Information provided ->
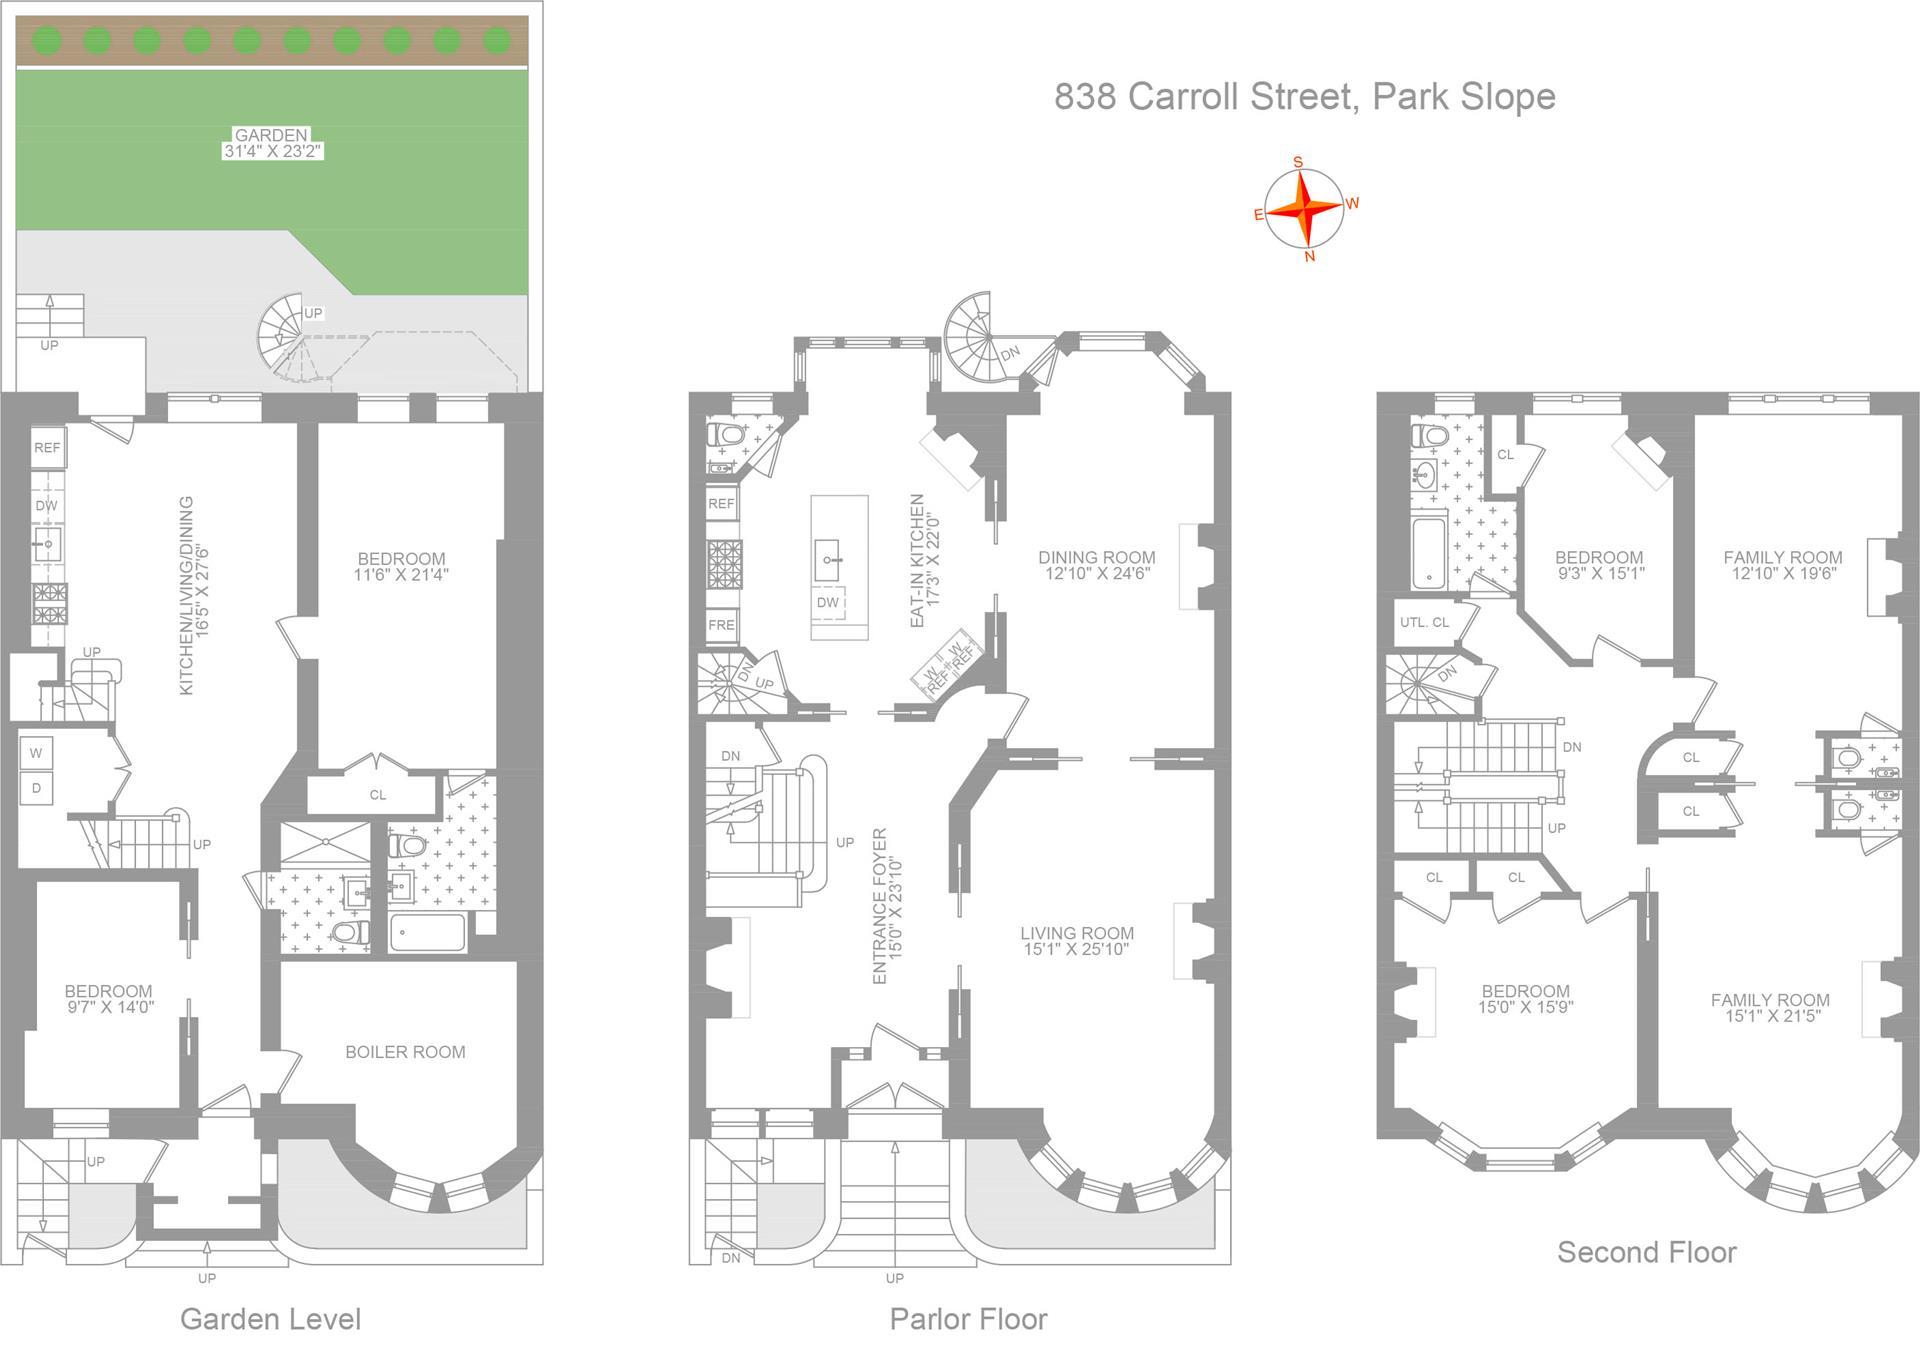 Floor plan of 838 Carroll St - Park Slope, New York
...
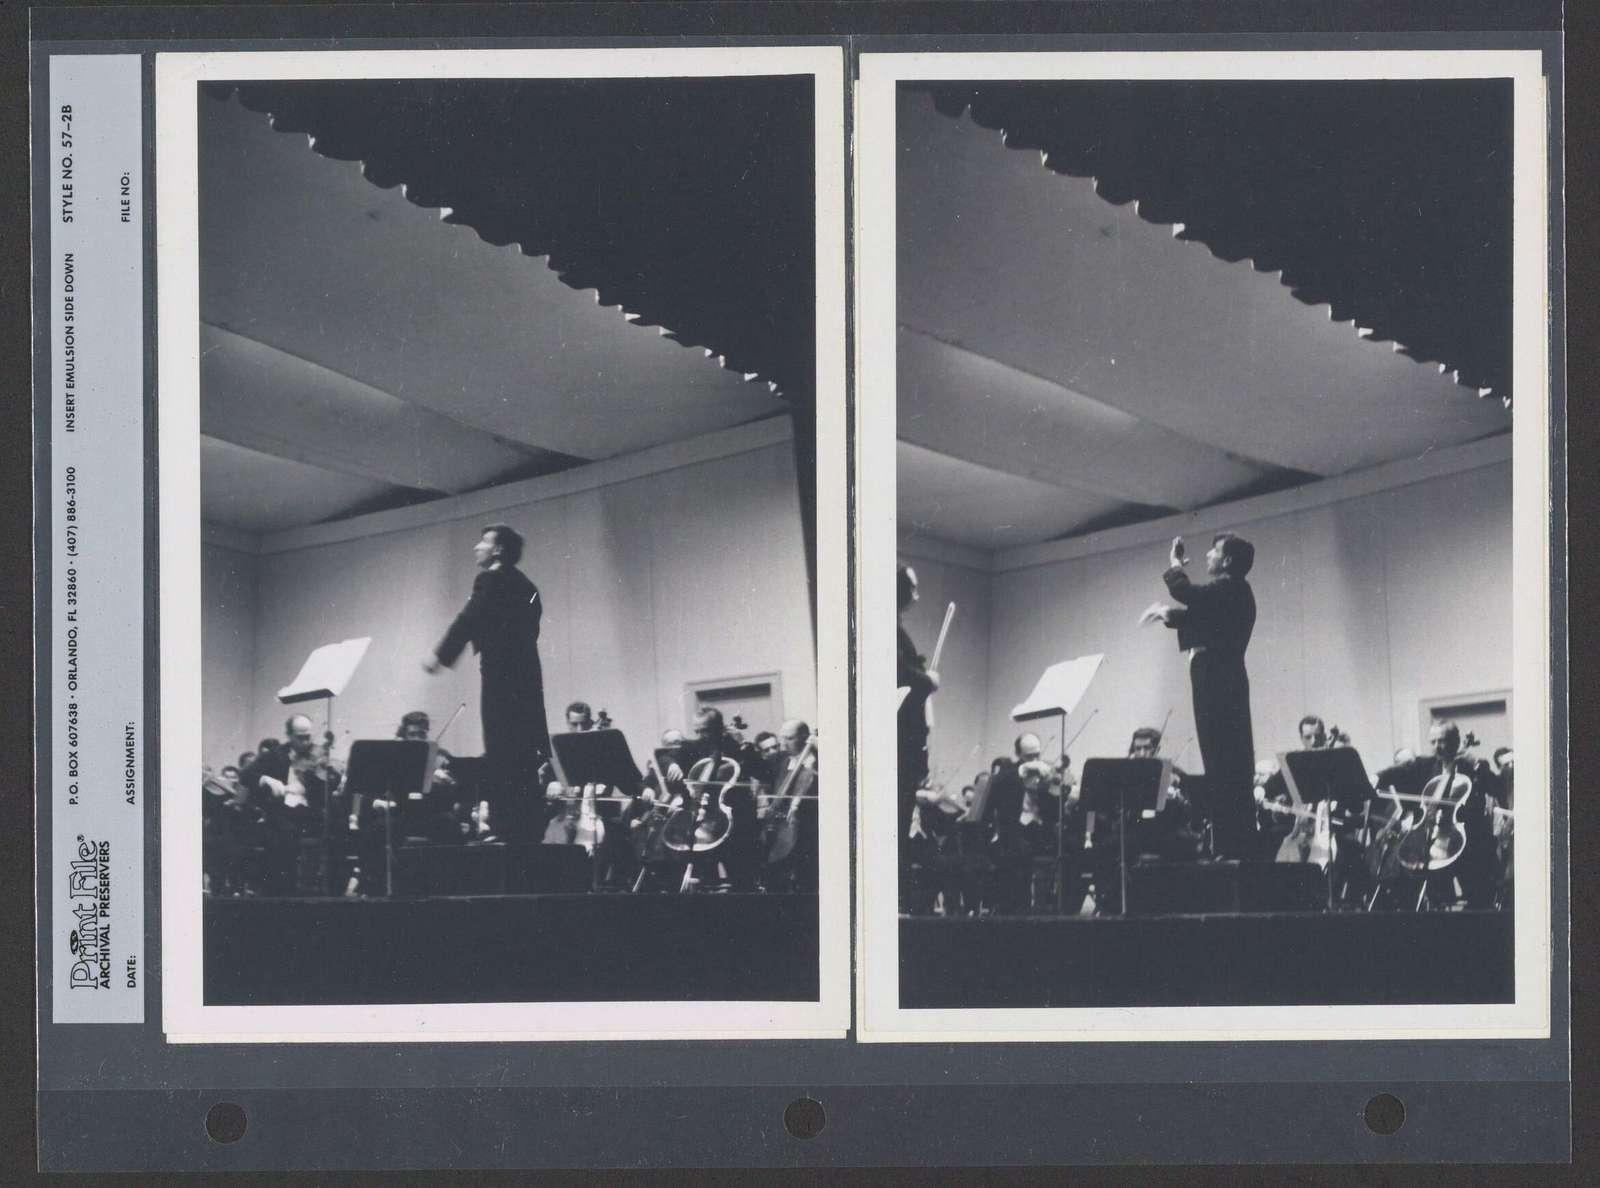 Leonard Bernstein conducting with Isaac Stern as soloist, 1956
--
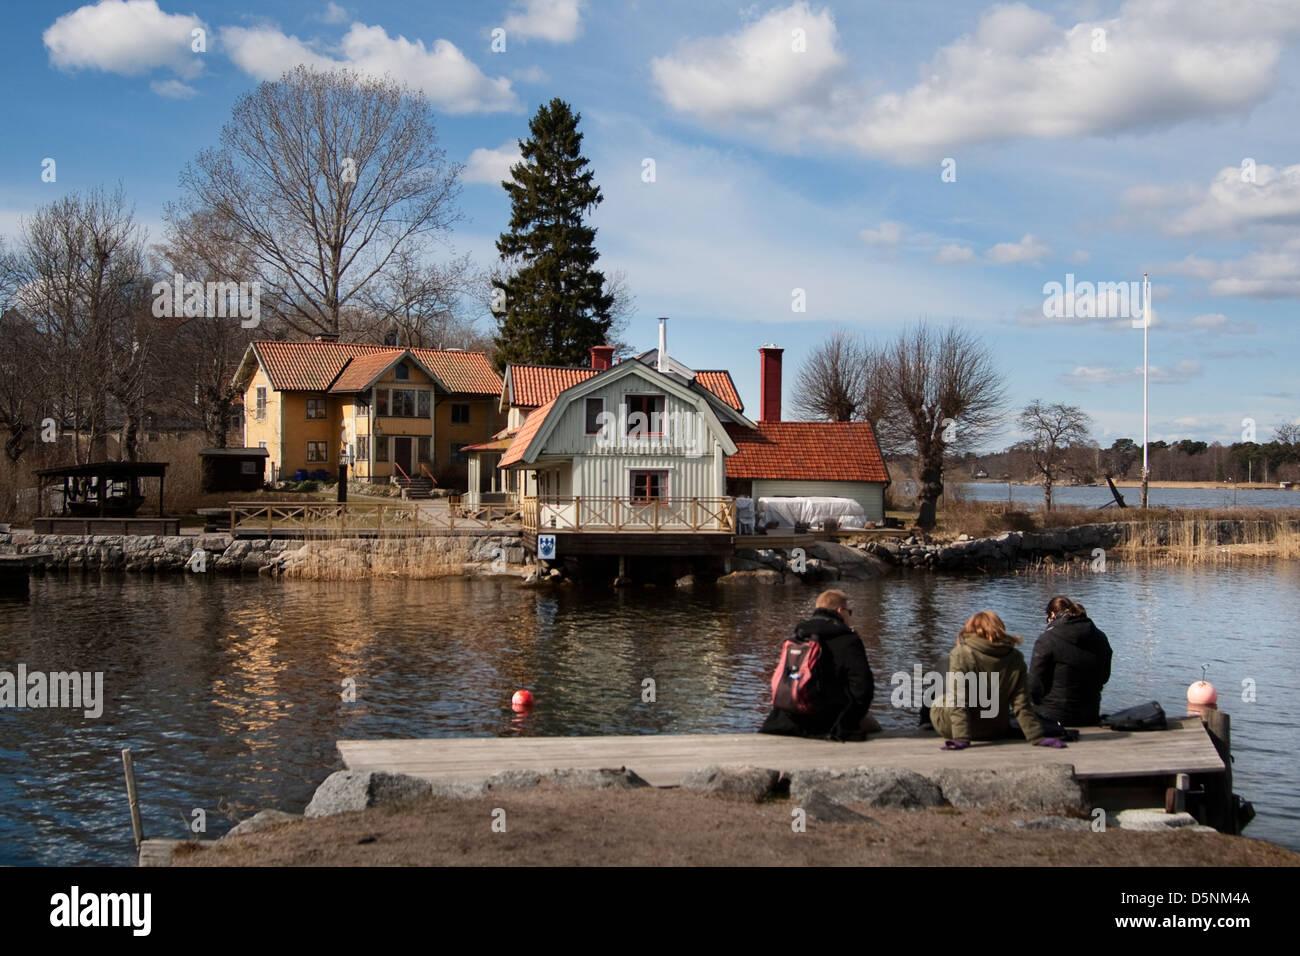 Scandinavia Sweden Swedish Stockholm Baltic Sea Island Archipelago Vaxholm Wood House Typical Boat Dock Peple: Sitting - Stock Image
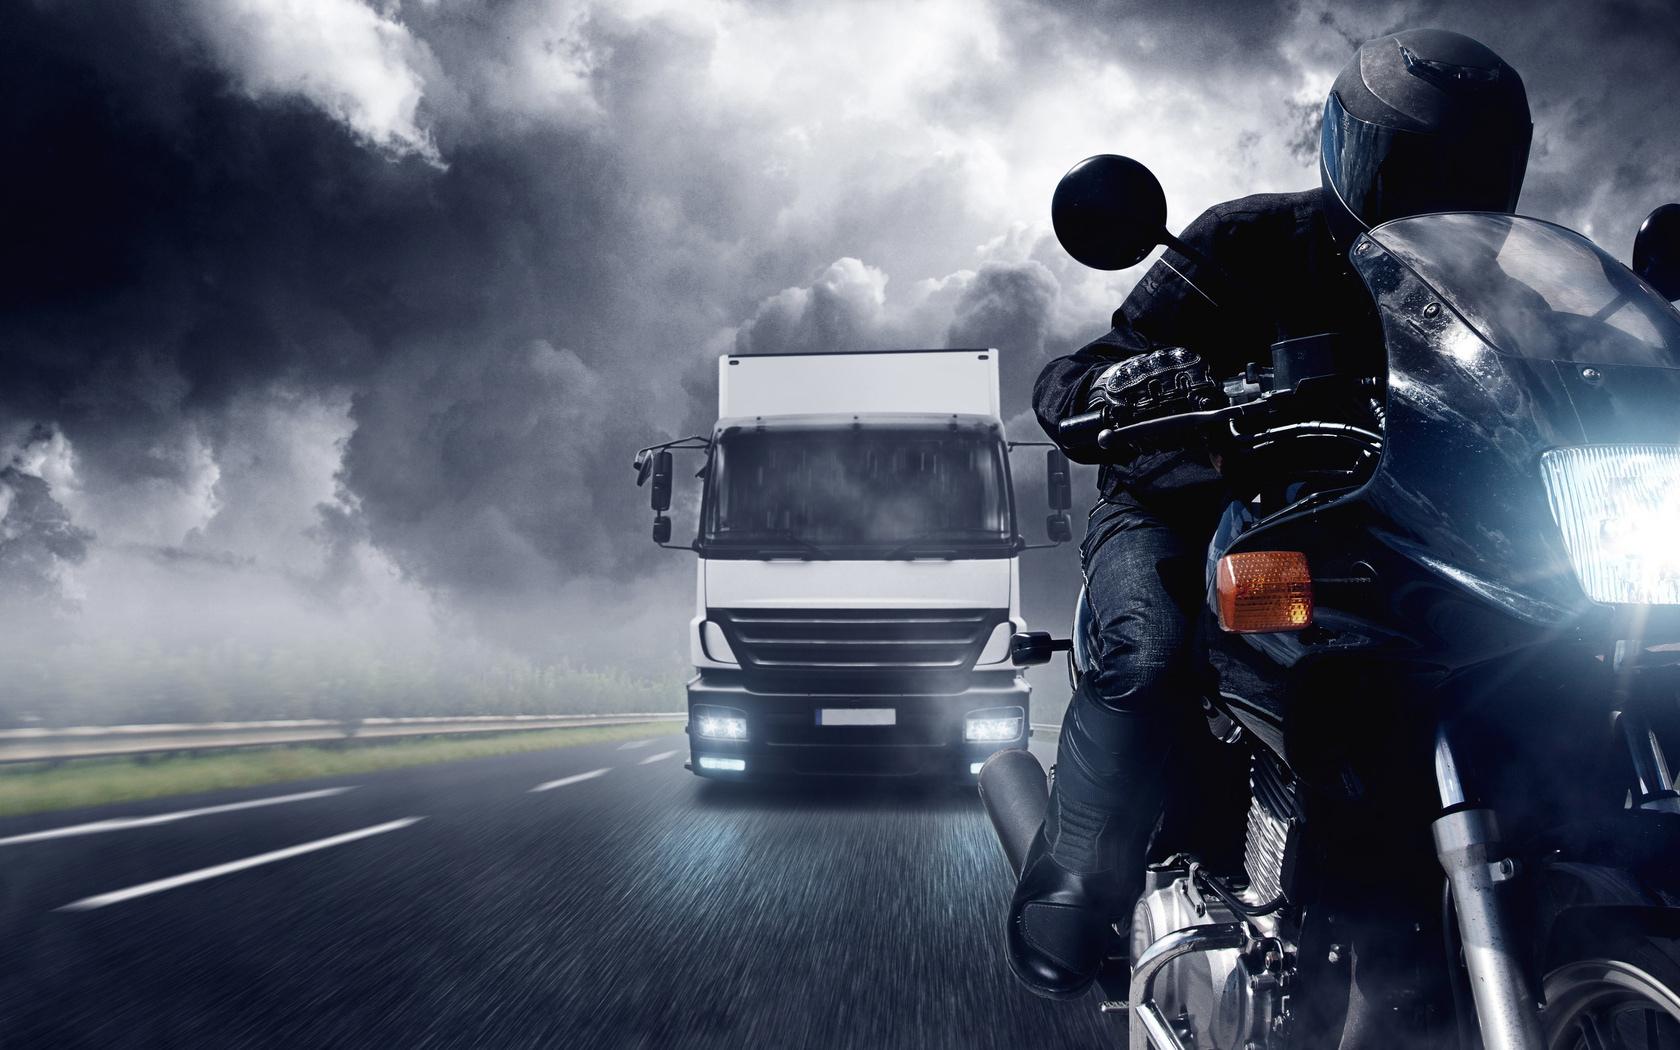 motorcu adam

Your objective ->
Return exactly the part of the listing above that opens with the line containing "Scandinavia Sweden Swedish" and closes with the line containing "motorcu adam". Pictures stay out.

Exercise solution ->
 Scandinavia Sweden Swedish Stockholm Baltic Sea Island Archipelago Vaxholm Wood House Typical Boat Dock Peple: Sitting - Stock Image
 motorcu adam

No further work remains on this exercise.